Monday, March 2, 2015

The Central Park Jogger Case

Zuhair Riaz
Political Science 337
Professor Jeffrey Davis
The Central Park Jogger Case

            Throughout the 1980’s, New York was a very different state than it is now. Despite the fact that the economic conditions were just beginning to improve, there was a deep-rooted underclass that was stuck in unfortunate conditions. Crime began to corrupt the neighborhoods and drug lords had begun to sweep through the cities, as cocaine became a prominent drug in New York. As a result, the police department was under an enormous amount of pressure to deal with the current condition of disorder.
            On April 19th 1989, Patricia Meli was jogging in through Central Park when she was attacked. She was severely beaten, raped and left in the Central Park grass to die. She was found, suffering from hypothermia, in the morning. She was braught to the hospital where she was given a very slim chance to survive. The location of the crime combined to the nature of the injuries that Meli suffered ensured that the police department viewed this case and finding the culprits as a priority.
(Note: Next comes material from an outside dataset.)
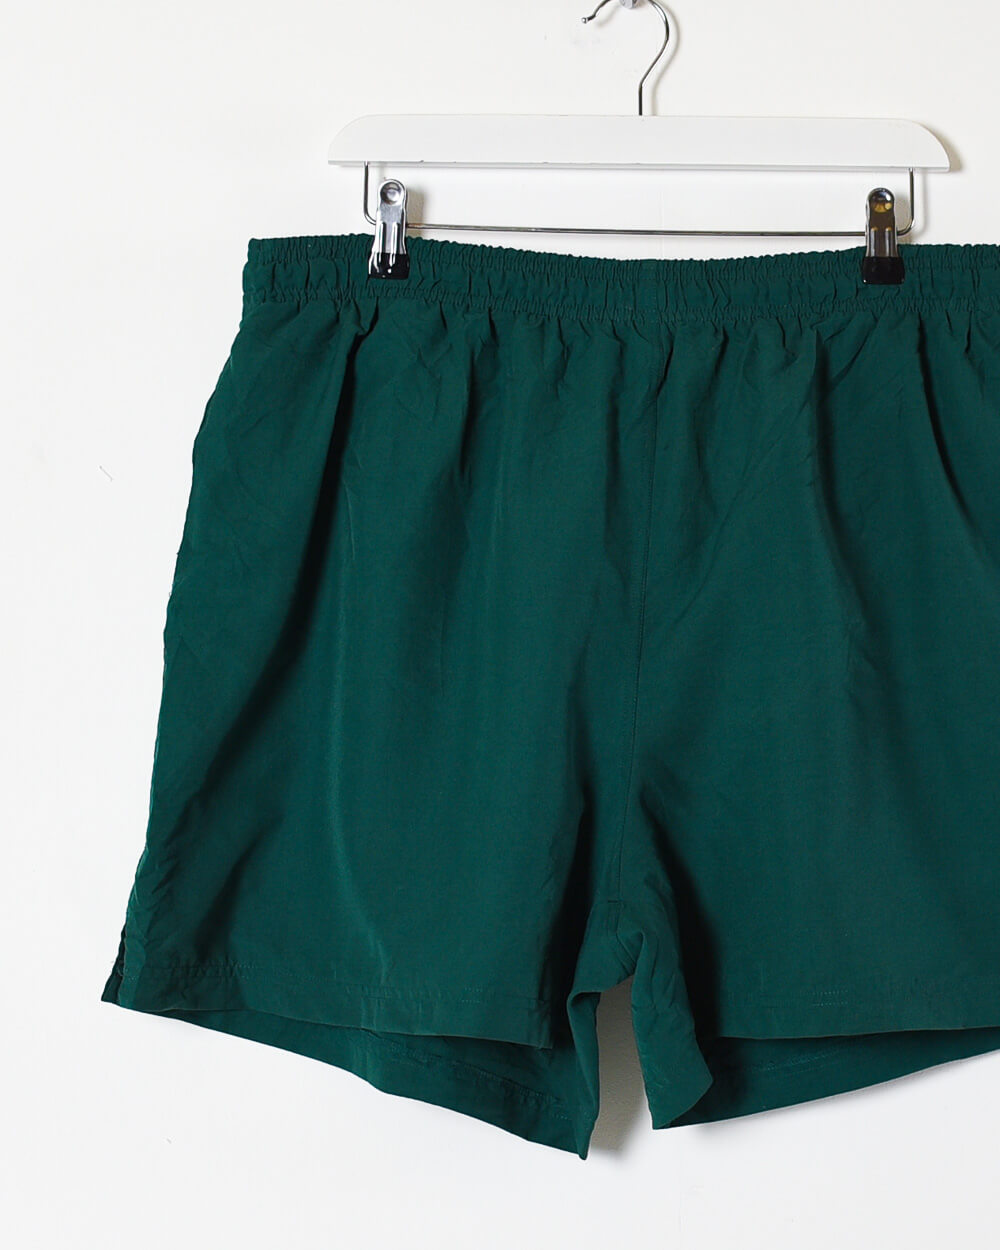 Green Adidas Shorts - X-Large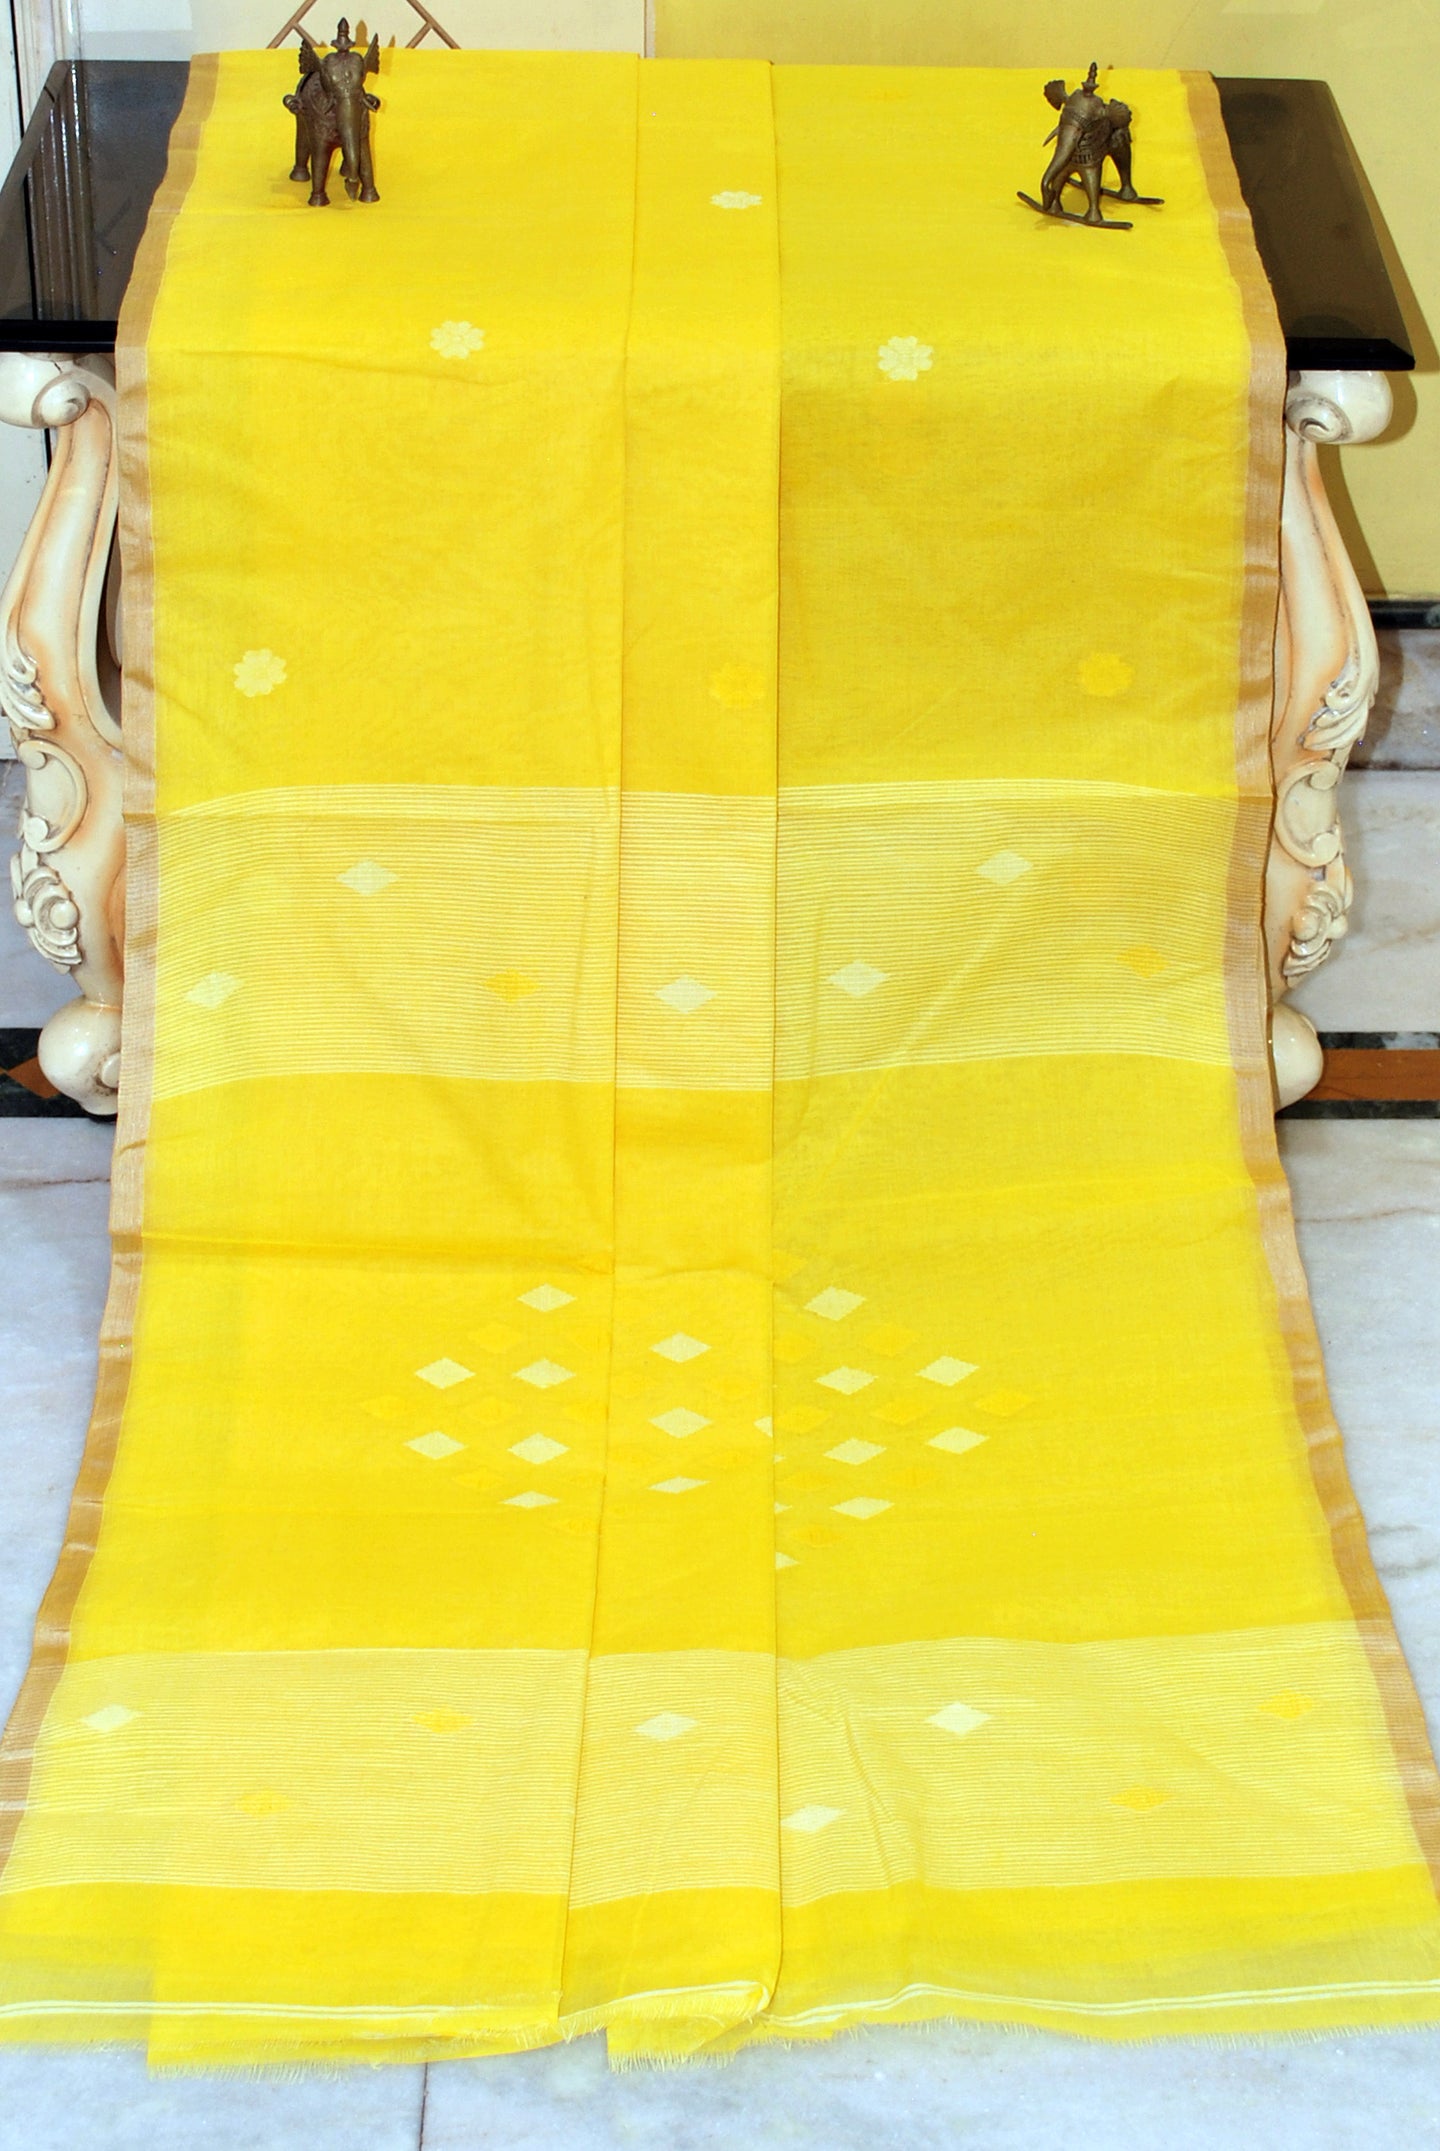 Rhombus Motif Pallu Hand Work Cotton Dhakai Jamdani Saree in Bright Yellow and White

After a few days of investigating the police gathered five teenagers: Kevin Richardson (14), Raymond Santana (14), Yusef Salaam (15), Antron McCray (15), and Kharey Wise (16), all of whom are minorities. These teenagers did not know one another nor have they all ever been seen together. The teenagers were at the park the night of the crime, which led the police to bring them in. However, once the teenagers were braught into custody, the five teenagers were coerced into making a confession. They were berated for hours and hours before finally reaching a breaking point. During the interrogation the police force held these teenagers in a closed room and grilled them for over 24 hours. Additionally, these teenagers were interrogated with an attorney present. After empty promises such as, “You can go home soon,” and “It will be over when this is done,” the teenagers finally gave way. All of them gave a verbal confession and, with the exception of Salam, written confession. However, throughout the entire confession process the police force told them what to write. These confessions were a proximate result of hours of berating and coercion on the part of the police force. Despite this, the police department was not the only source of injustice in this case, the state prosecution and media was also a cause of the injustice.

            During the investigation of this case along with the trials, the state prosecutors were just as culpable of injustice in this case. They knew that the confessions of the five teenagers did not add up with one another, thus making them unreliable. Despite this knowledge, the prosecutors proceeded with the case. However, the biggest confirmation of injustice came when the prosecution ignored DNA evidence that cleared the five teenagers. None of the five teenagers’ DNA matched the DNA that was recovered from the crime scene. Despite this knowledge the state continued with the case solely with the intent on framing these five innocent teenagers. They did this due to the fact that they were under pressure to find the culprits. They came under this pressure from the media. It is apparent that the location of the case (Central Park) along with the fact that it was an interracial crime led the media to revolve around the case. This case was extremely public and as a result a lot of pressure was put on the state to convict these five teenagers.

            Kevin Richardson, Raymond Santana, Yusef Salaam and Antron McCray each served seven years and Kharey Wise served 13 years. The five were cleared of all indictments after the real culprit stepped up. Matias Reyes came before a court and testified that he was the one who committed the attack and rape. His testimony was verified through his extensive knowledge of the facts of the case. As a result, the innocence of the five teenagers was finally revealed. However, is this mere admission innocence enough to make up for the injustice that was cause? These five teenagers were stripped of their youth, publicly condemned and psychologically scarred. A proclamation of their innocence and a pardon of their indictments do not erase all of the years that the five teenagers wrongly spent in prison. Furthermore, the police department, state prosecutors and media never came out and apologized for their responsibility in this injustice. Despite the fact that the truth came out, it is clear that the injustice that took place during The Central Park Case has not been remedied.

             In an effort to remedy this injustice five teenagers have filed a civil lawsuit in order to get monetary restitution. The judge has since approved a $41 million settlement in an attempt to resolve the injustice. Despite the judge’s attempts, monetary restitution cannot resolve this injustice. One of the ways to remedy the injustice is for the police department to come out and publicly apologize for their actions. This would show remorse for their behavior in this case as well show that they would improve their methods for the future. Any signs of remorse will show that they have will not allowed this injustice again. Additionally, punishment for the police officers that committed these heinous actions is also important to deter other officers from repeating similar acts.